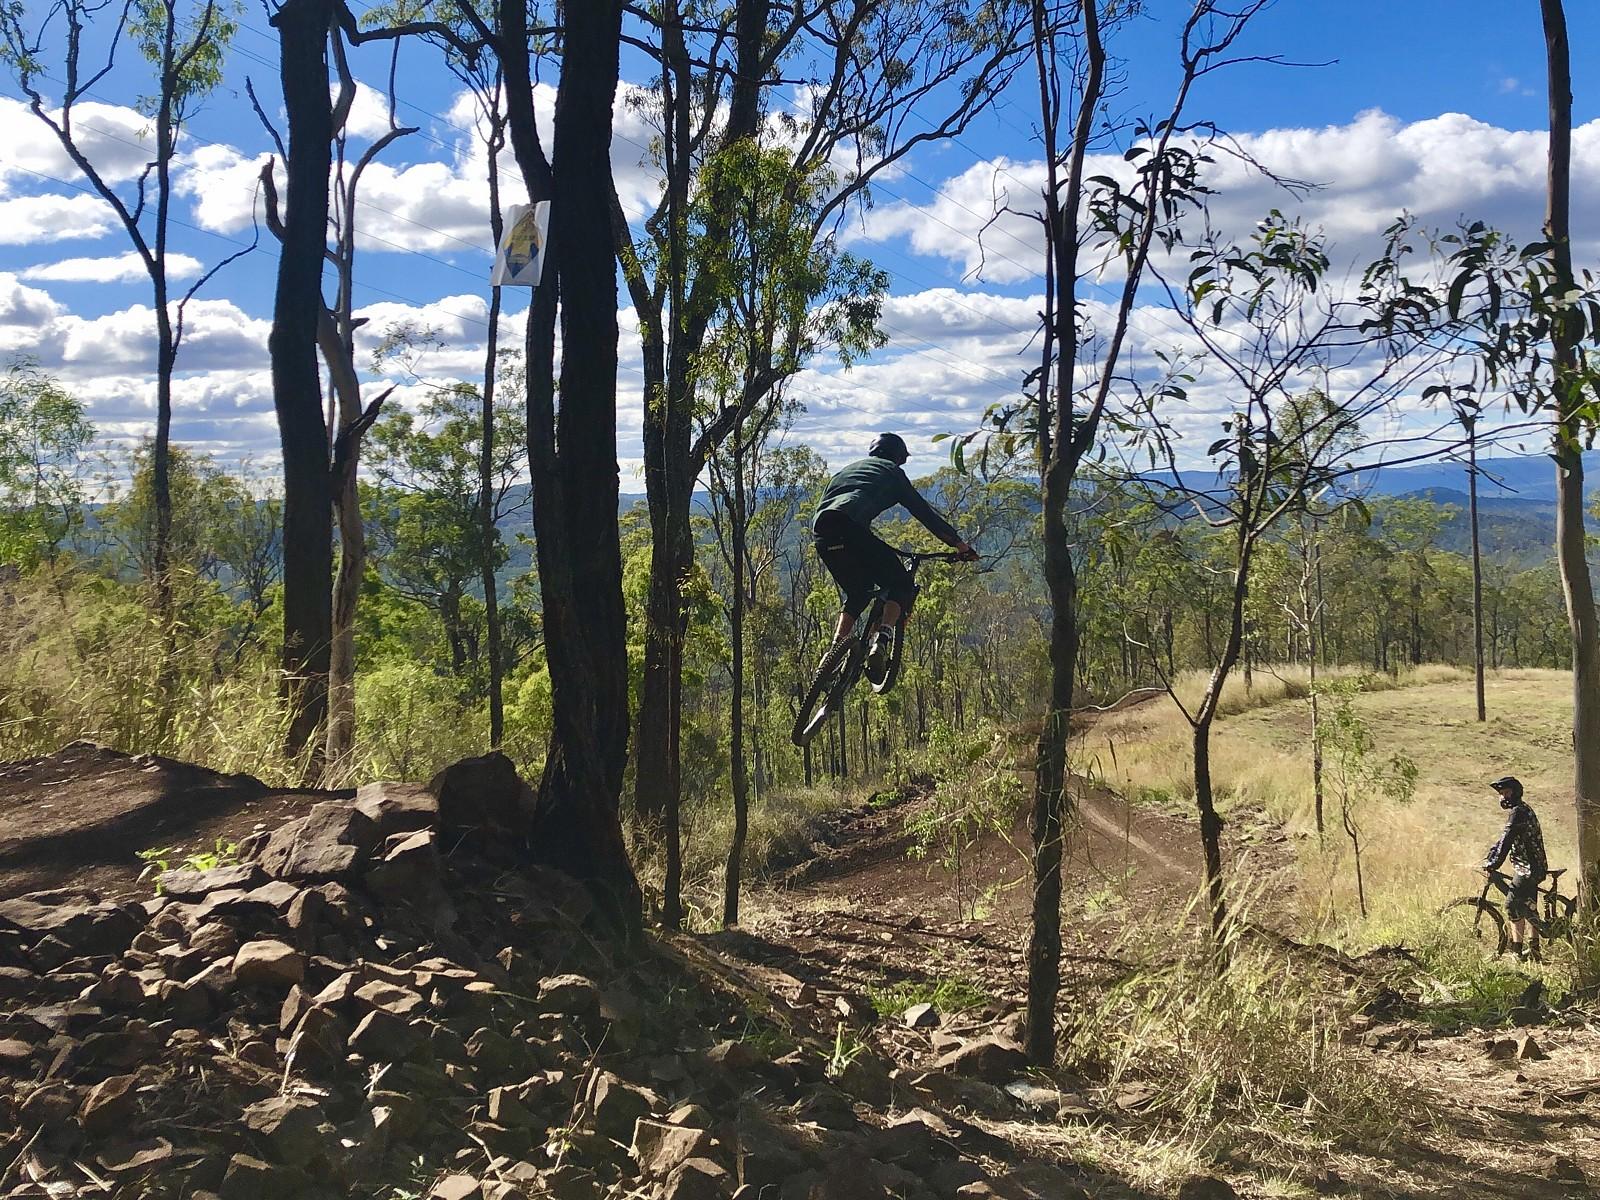 Toowoomba sends  - BoostinSimmo - Mountain Biking Pictures - Vital MTB
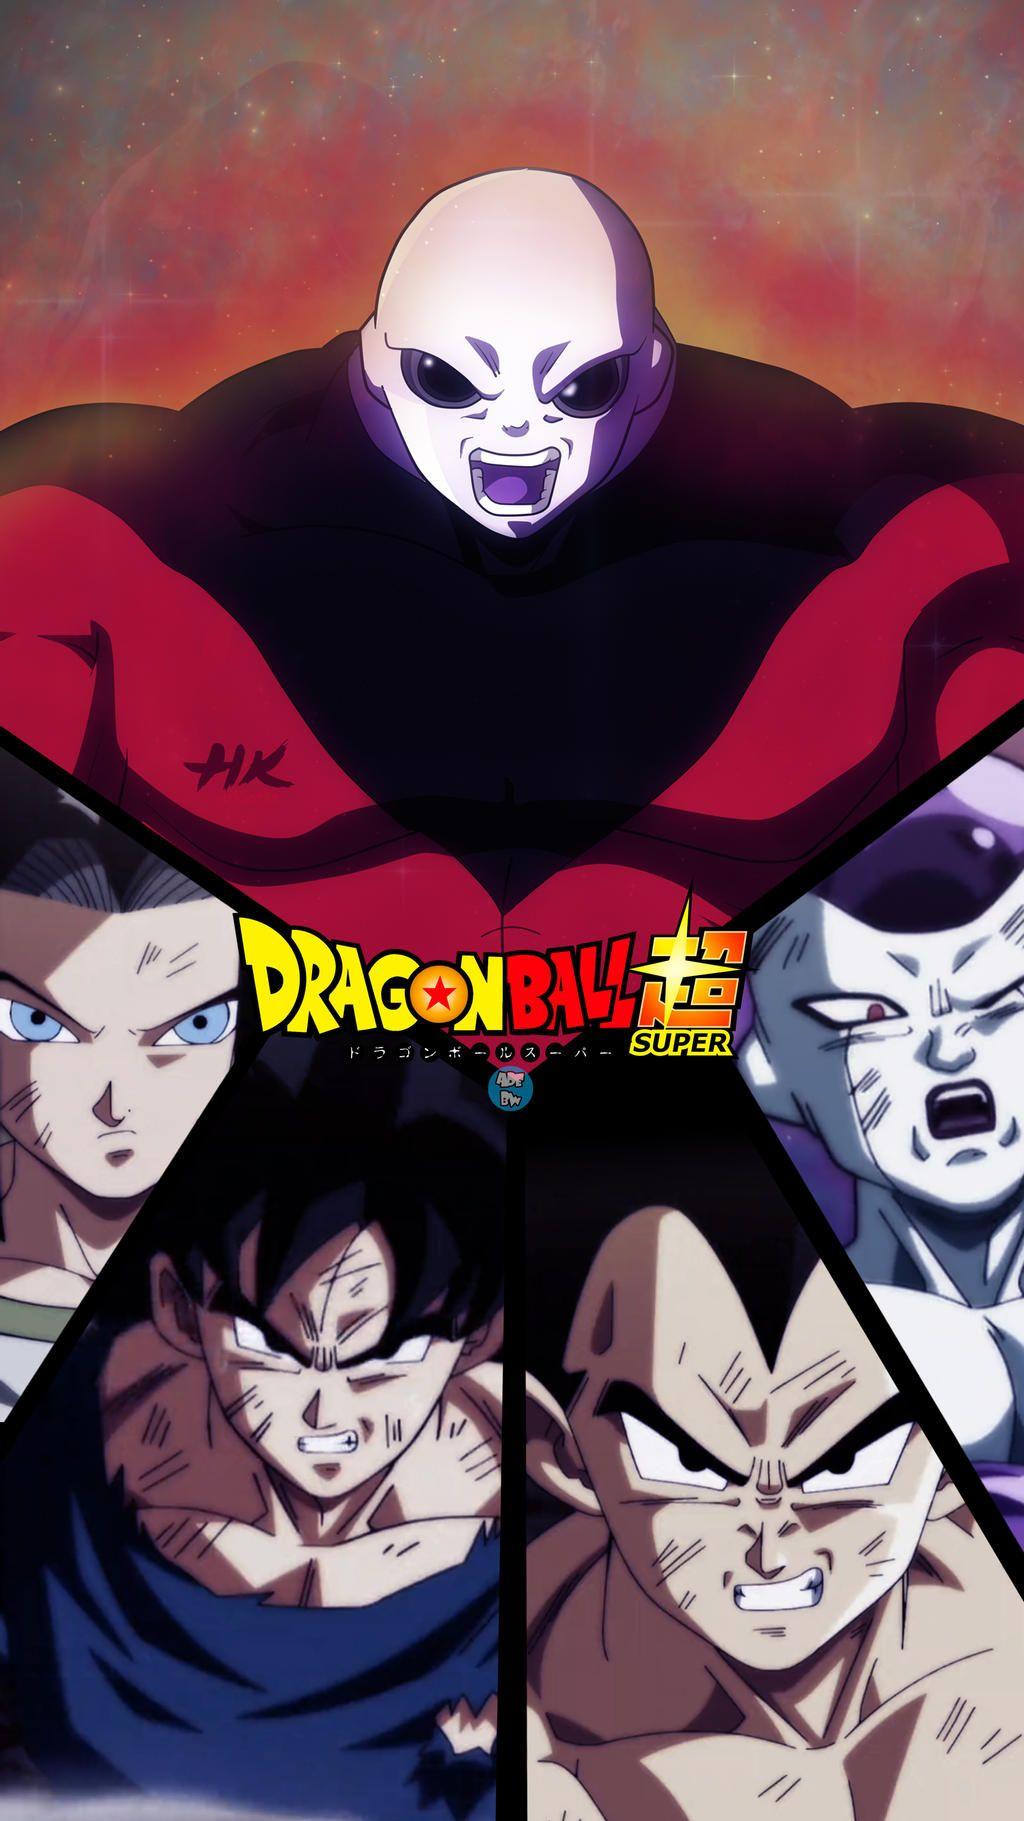 Pin By Dragonball On Jiren In 2021 Dragon Ball Super Dragon Z Dragon Ball
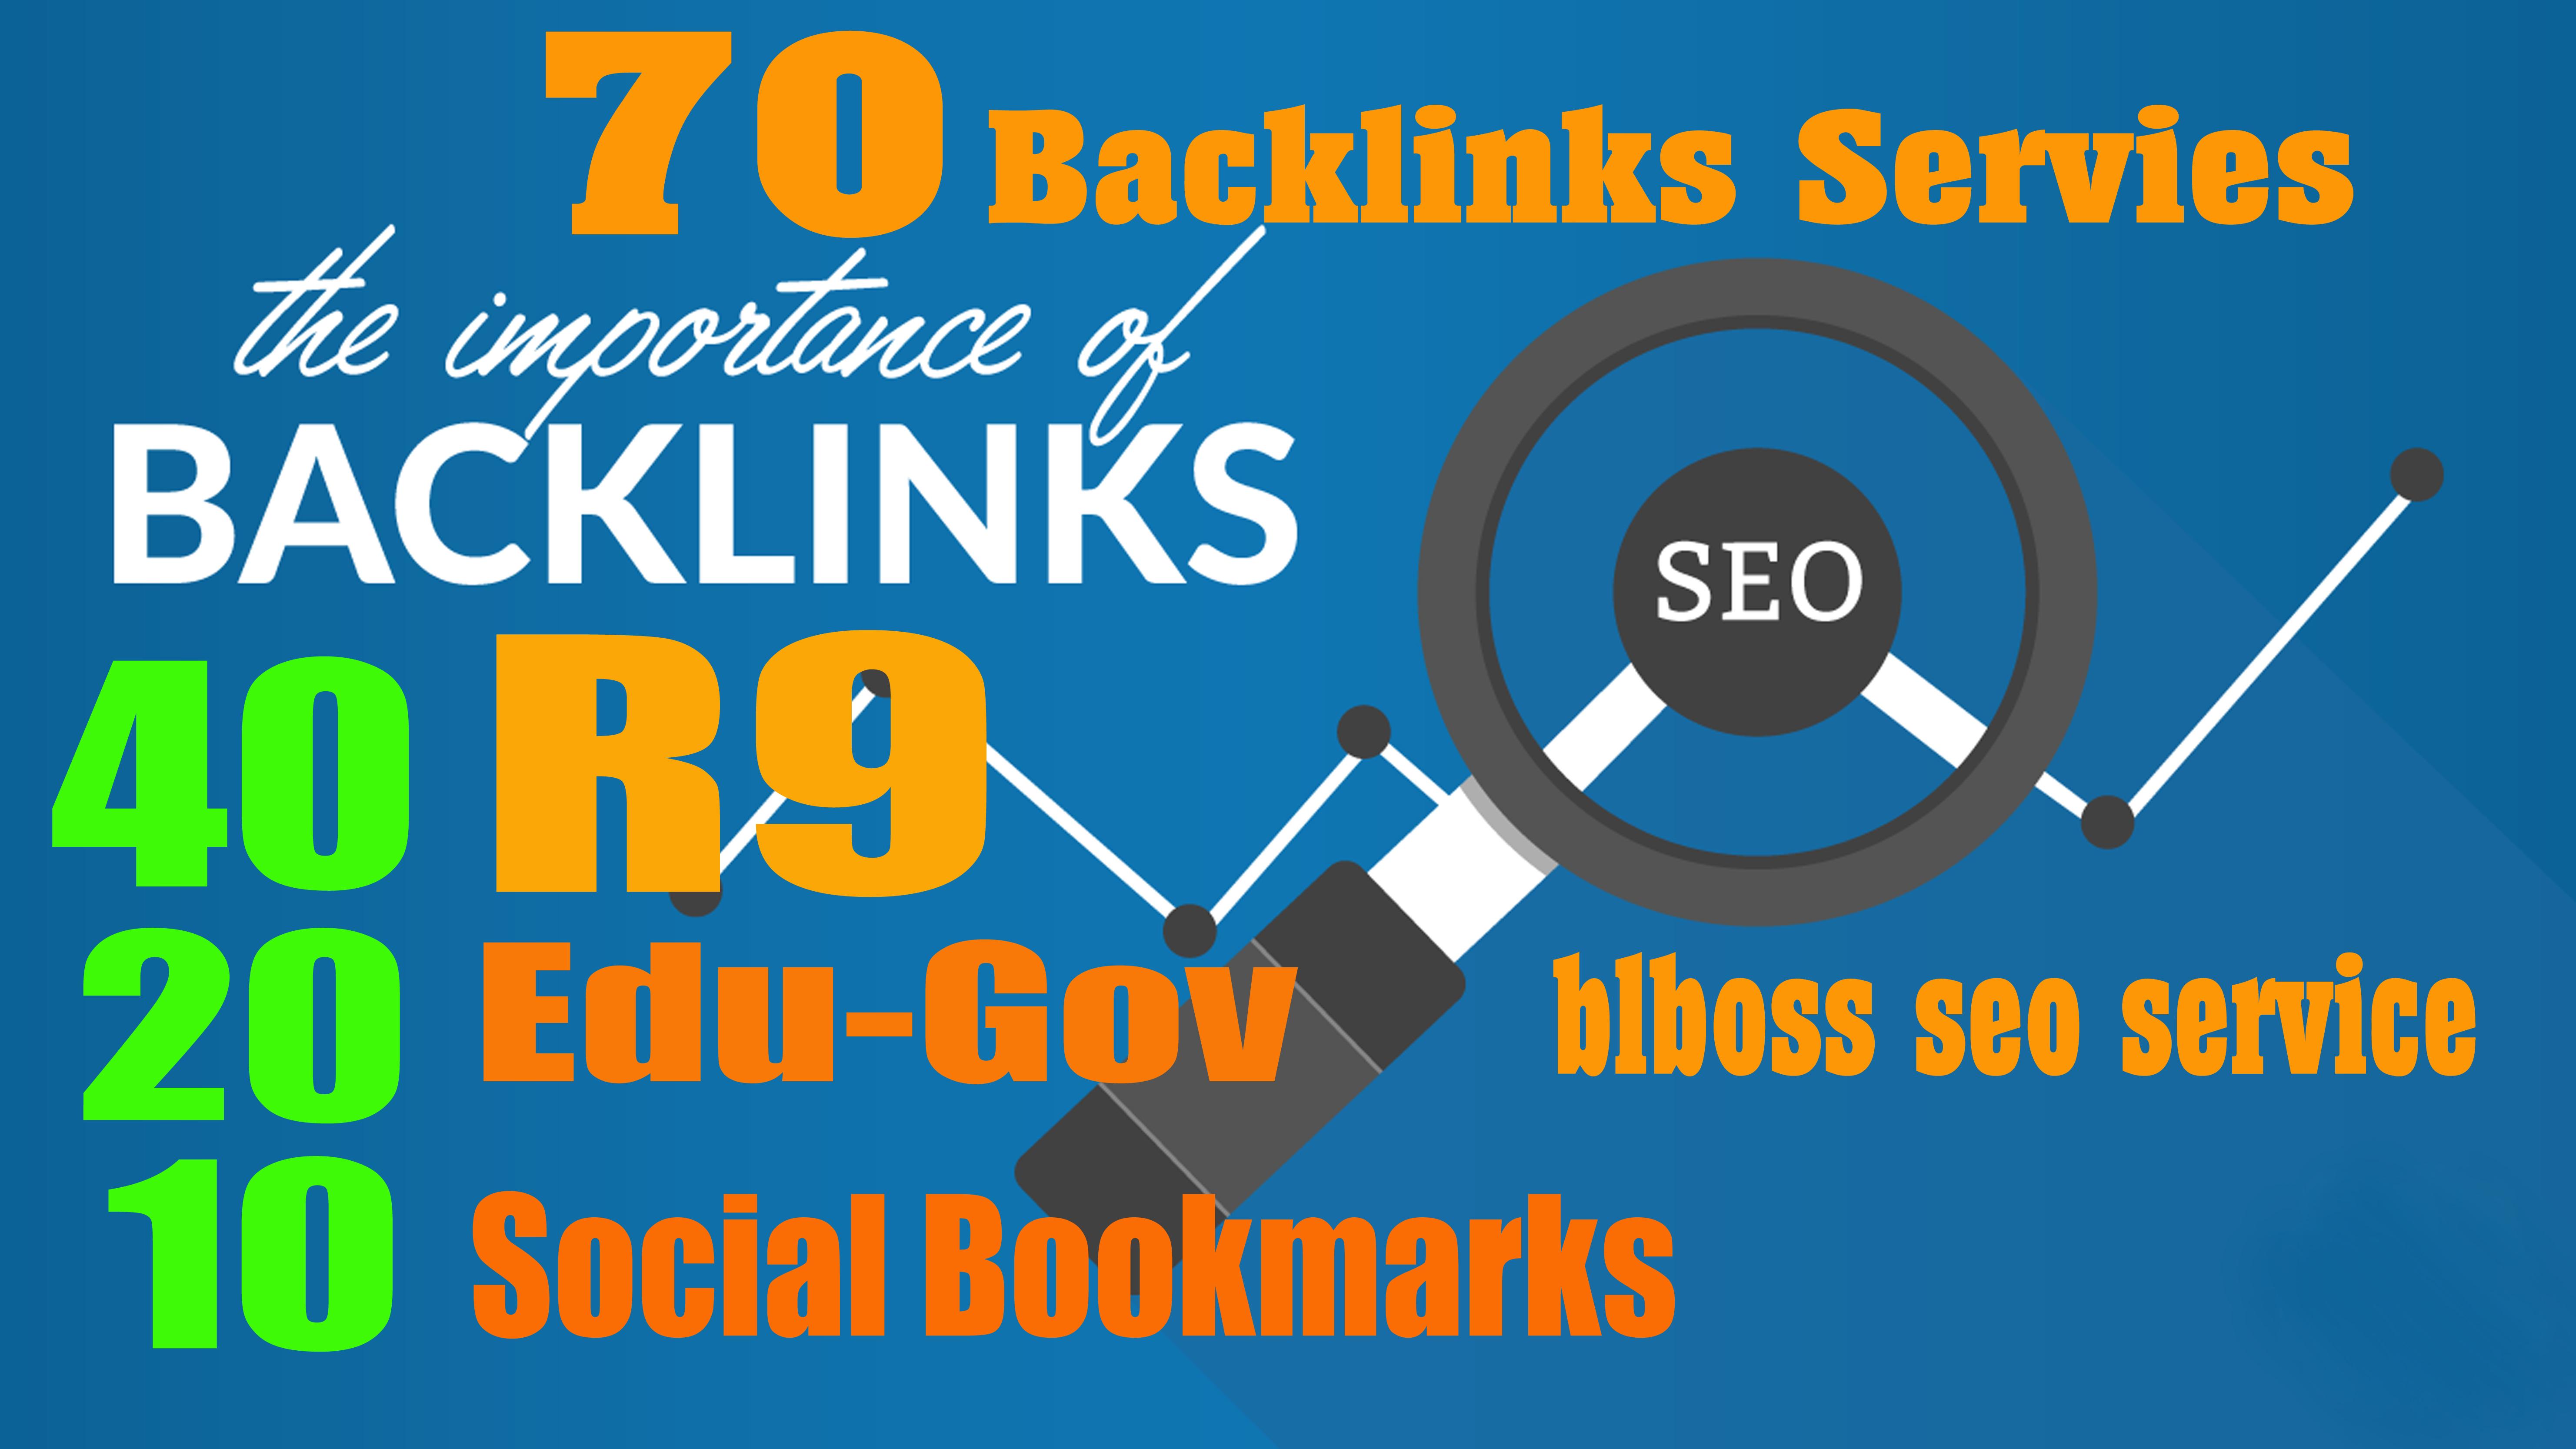 70 Backlinks from 40 PR9 + 20 EDU-GOV + 10 SOCIAL BOOKMARKS For Your Website or Blog or YouTube

▸ **TASK DESCRIPTION**
What is needed is an exact copy of the lines from the line with "Pin By Dragonball" to the end of the data above, both included, without any pictures.

▸ **EXERCISE ANSWER**
 Pin By Dragonball On Jiren In 2021 Dragon Ball Super Dragon Z Dragon Ball
 70 Backlinks from 40 PR9 + 20 EDU-GOV + 10 SOCIAL BOOKMARKS For Your Website or Blog or YouTube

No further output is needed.